- Your objective:
Below are some entries. Transcribe the lines from the one holding "Description" to the one holding "Matching Kingwood Louis", inclusive, but not the pictures among them.

- Data under study:

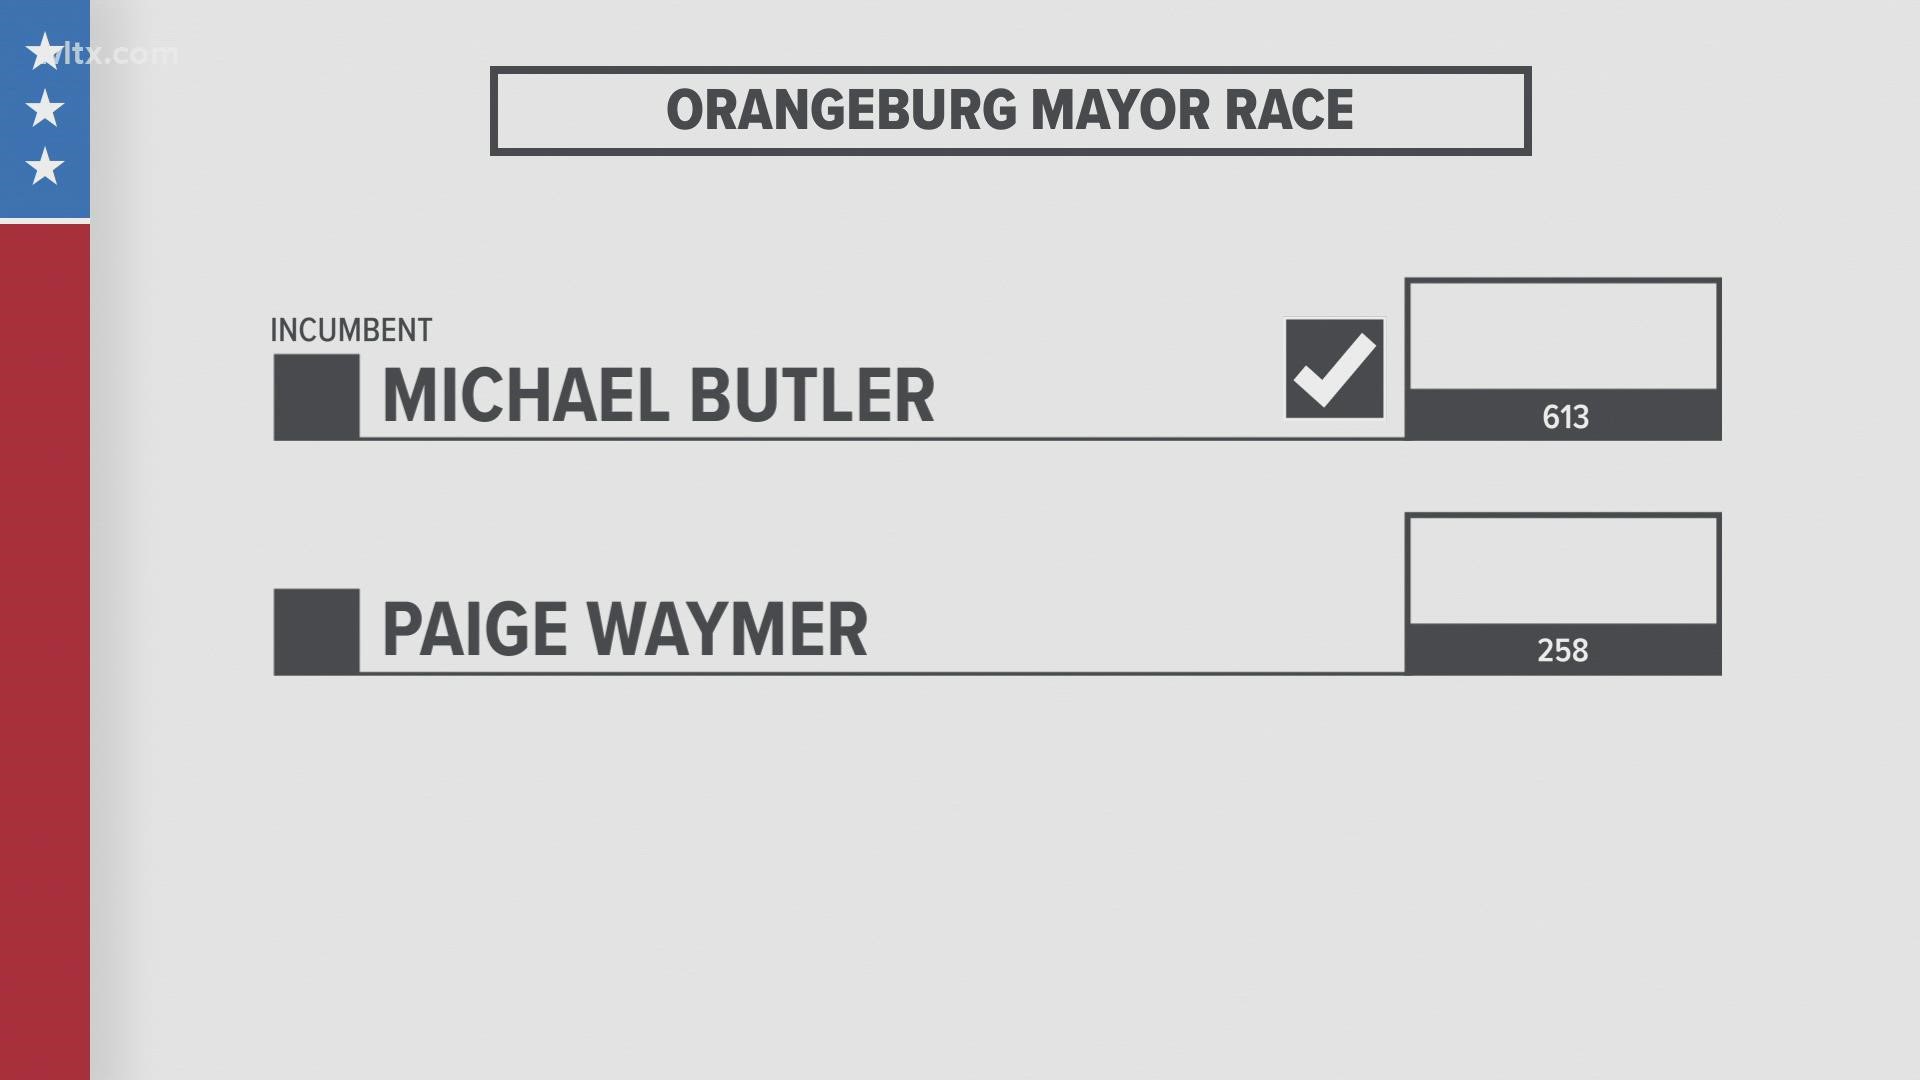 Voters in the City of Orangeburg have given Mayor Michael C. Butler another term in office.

* * *

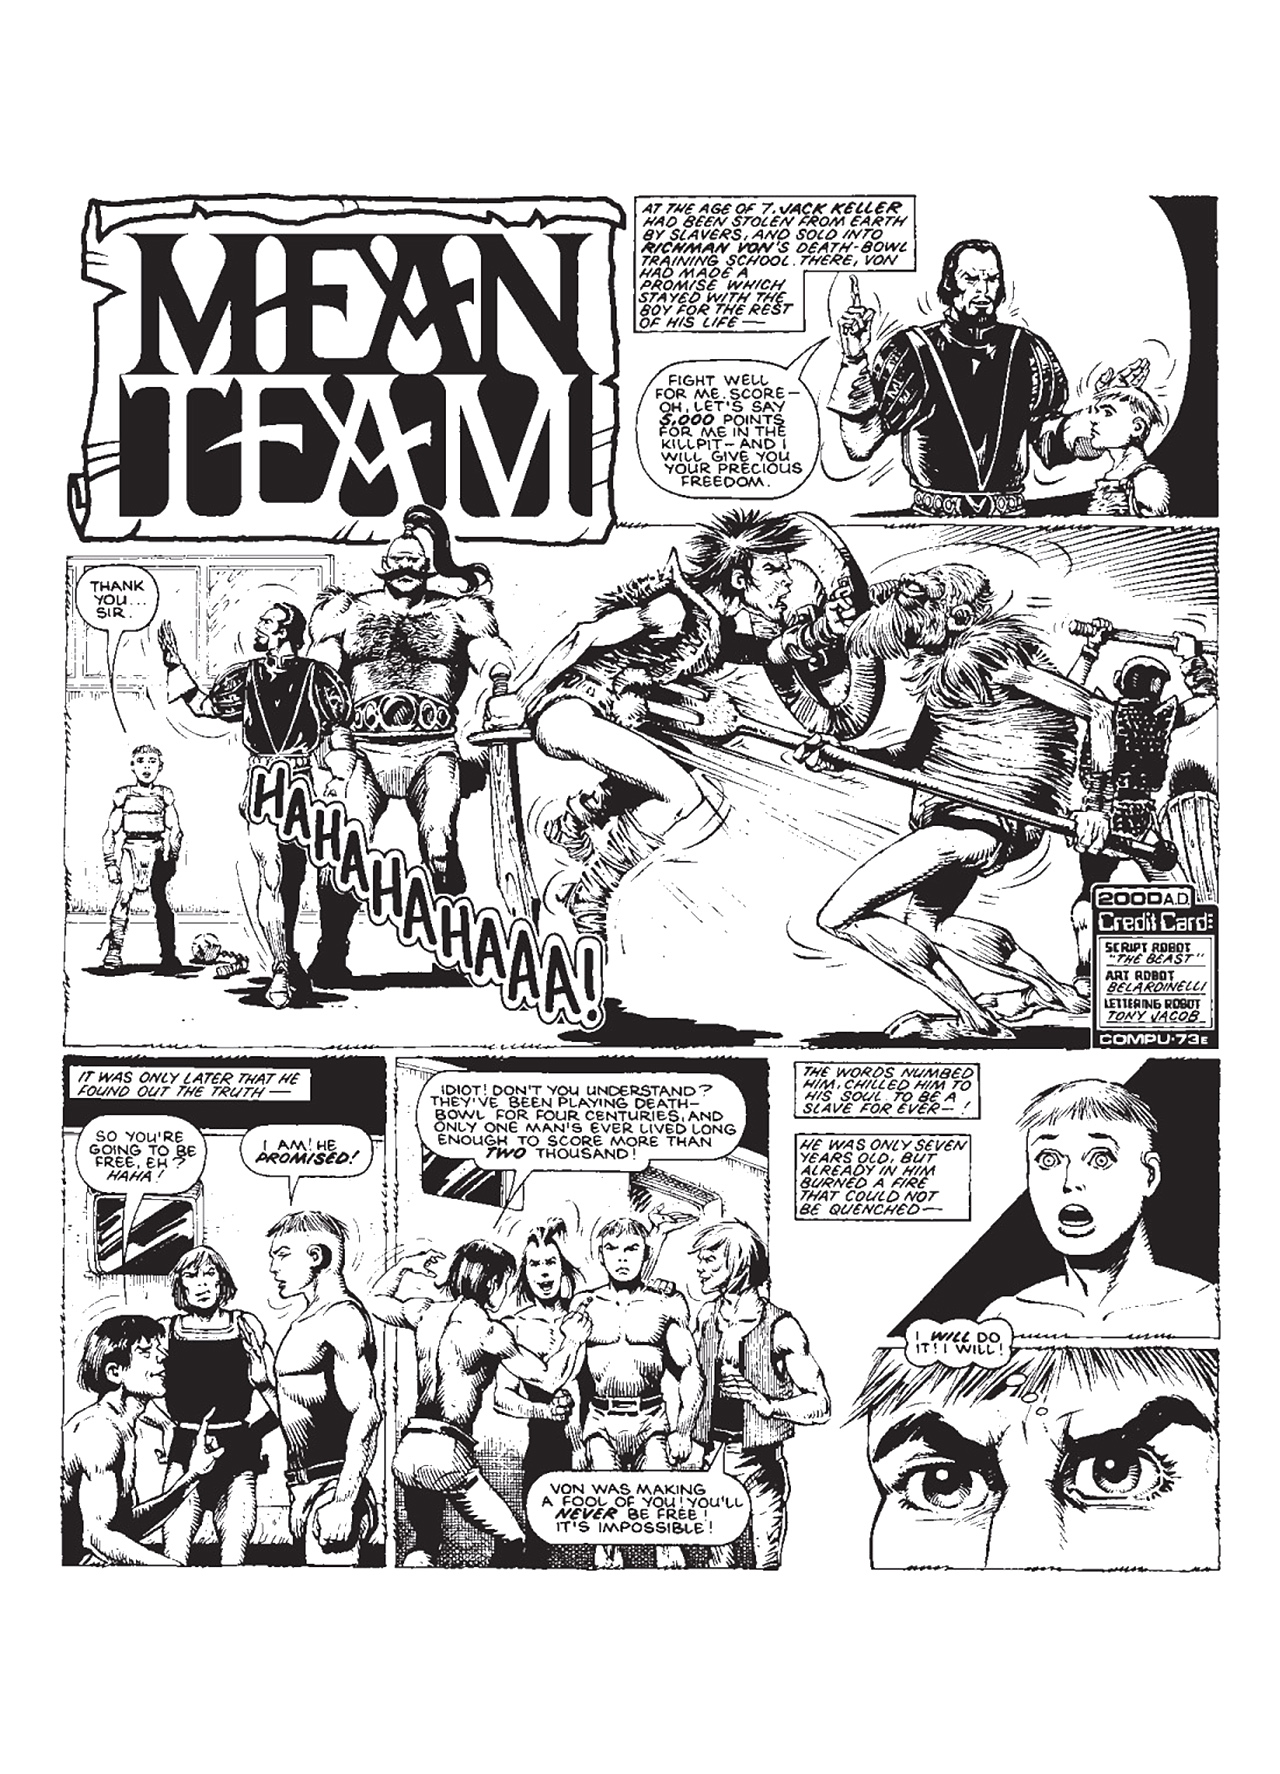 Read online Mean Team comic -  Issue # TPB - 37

--

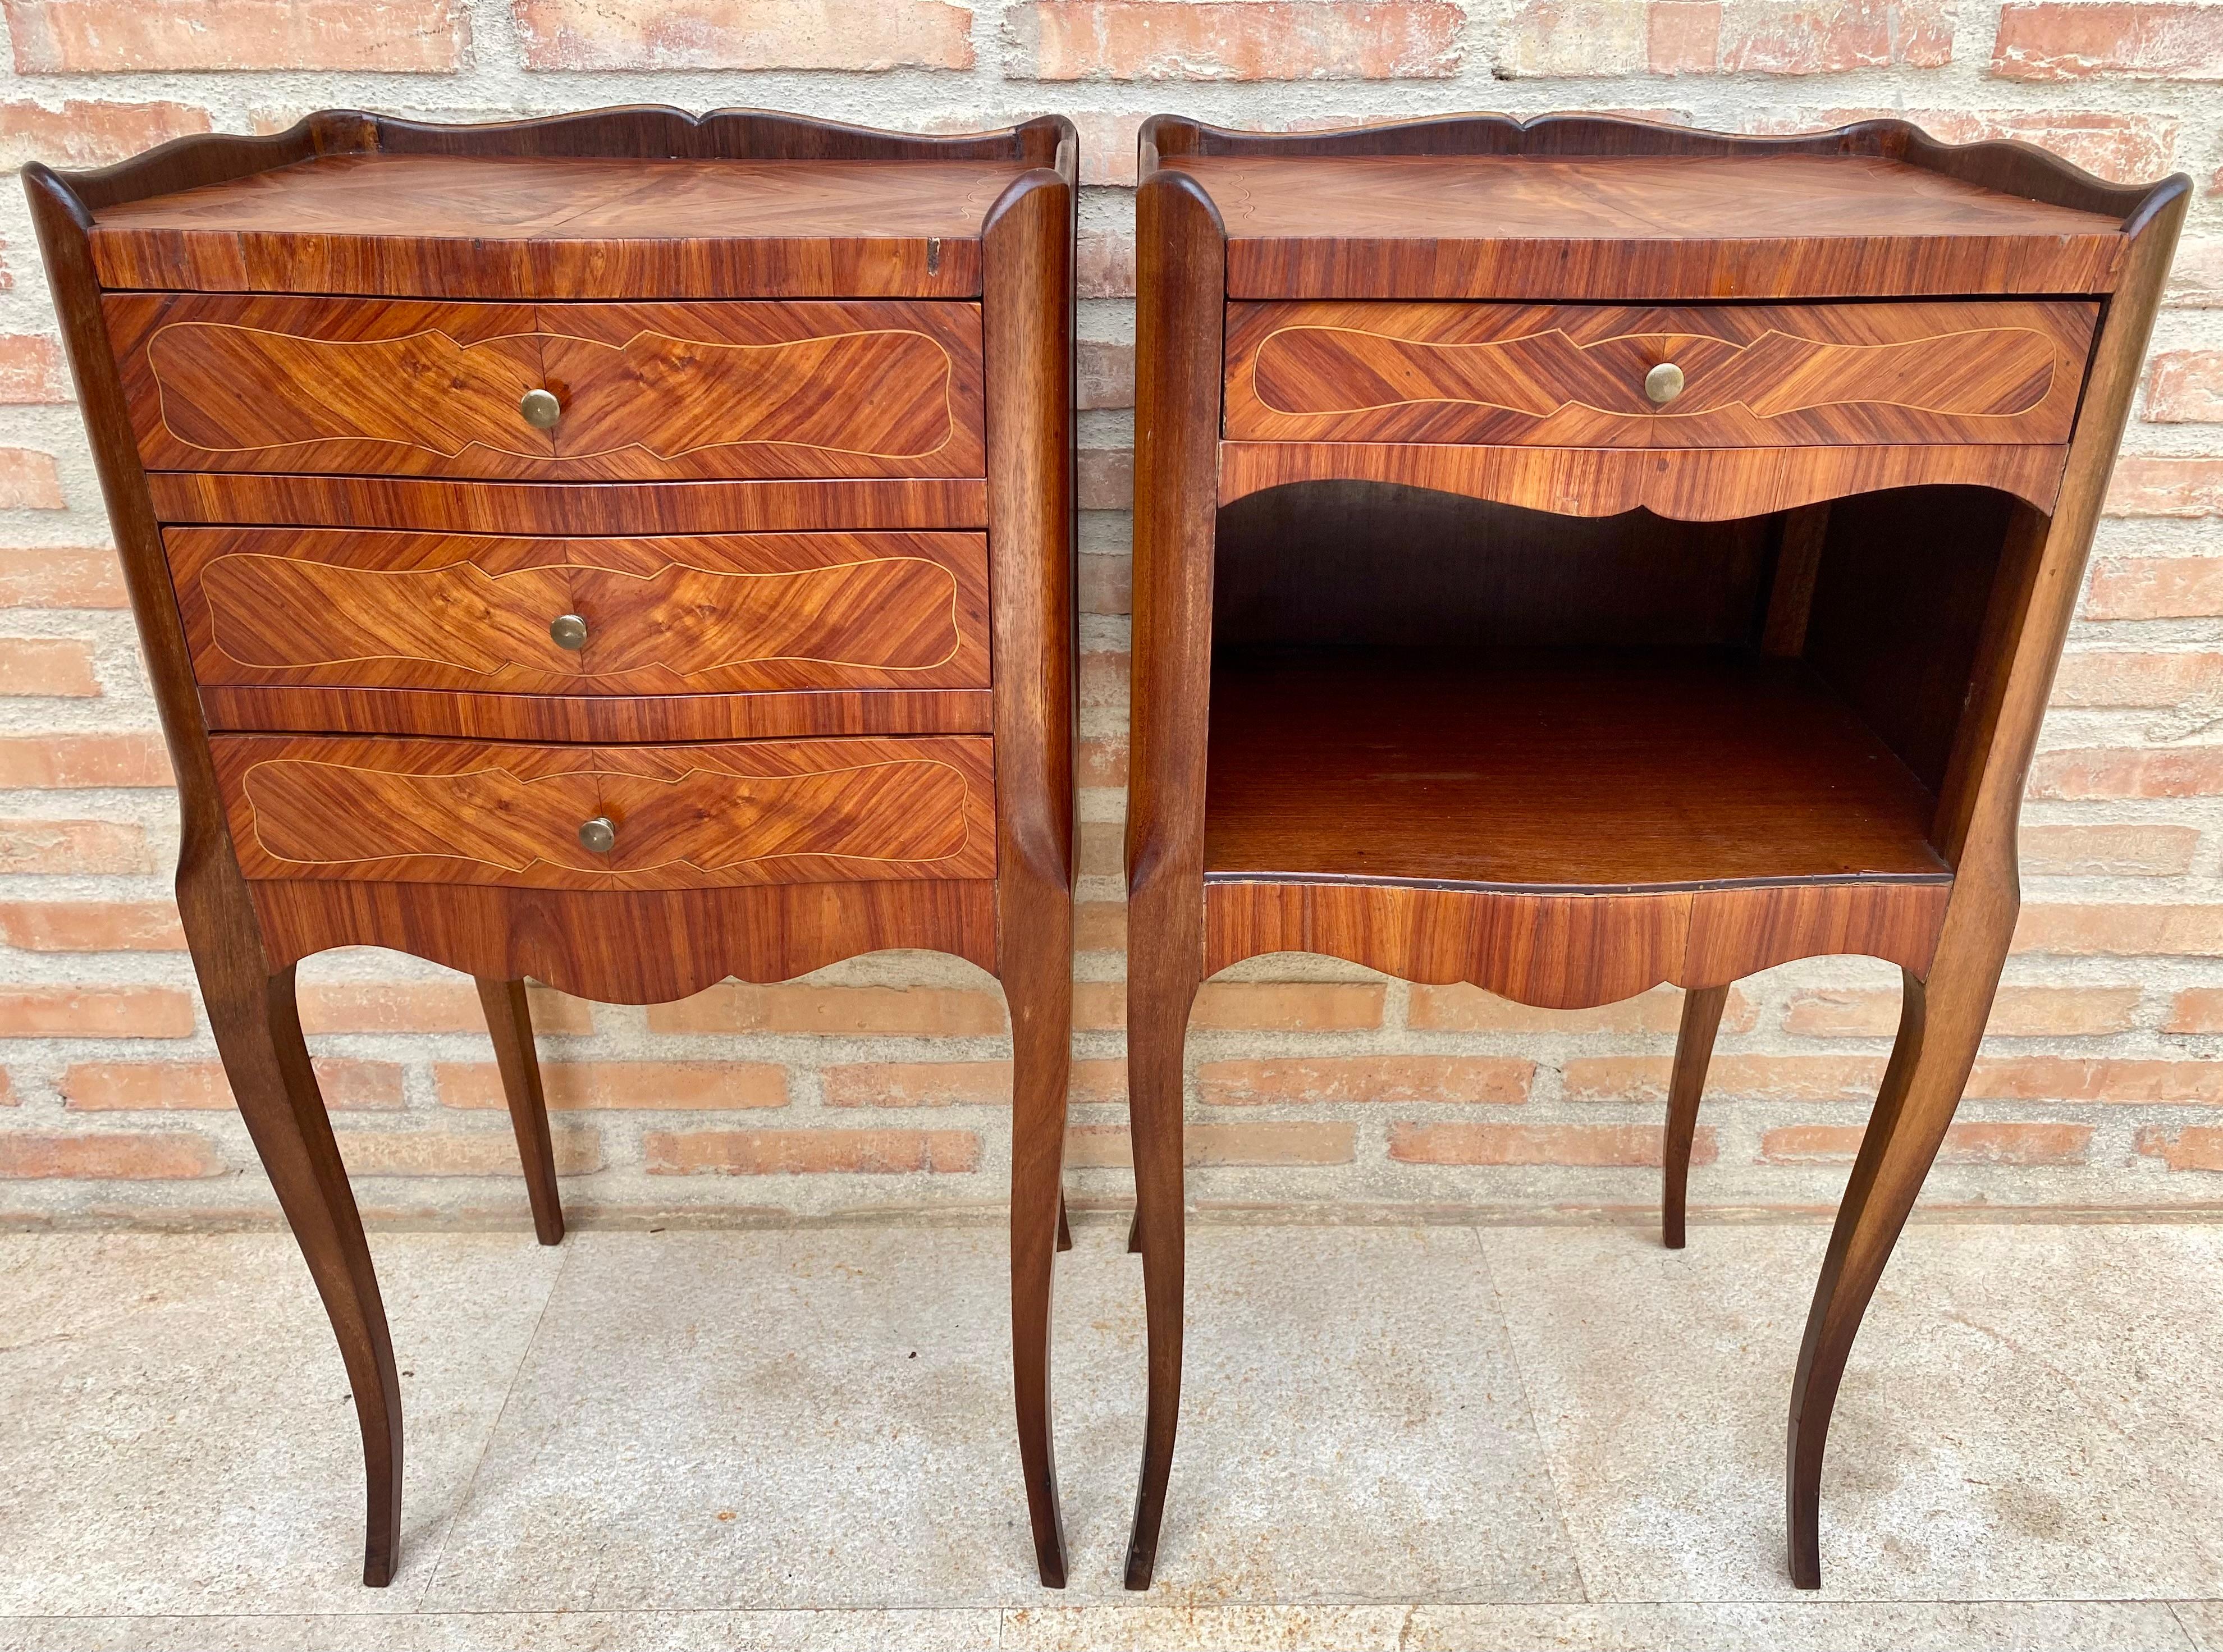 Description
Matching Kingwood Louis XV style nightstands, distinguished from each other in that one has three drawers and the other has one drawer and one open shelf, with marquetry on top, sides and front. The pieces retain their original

- Task response:
 Description
Matching Kingwood Louis XV style nightstands, distinguished from each other in that one has three drawers and the other has one drawer and one open shelf, with marquetry on top, sides and front. The pieces retain their original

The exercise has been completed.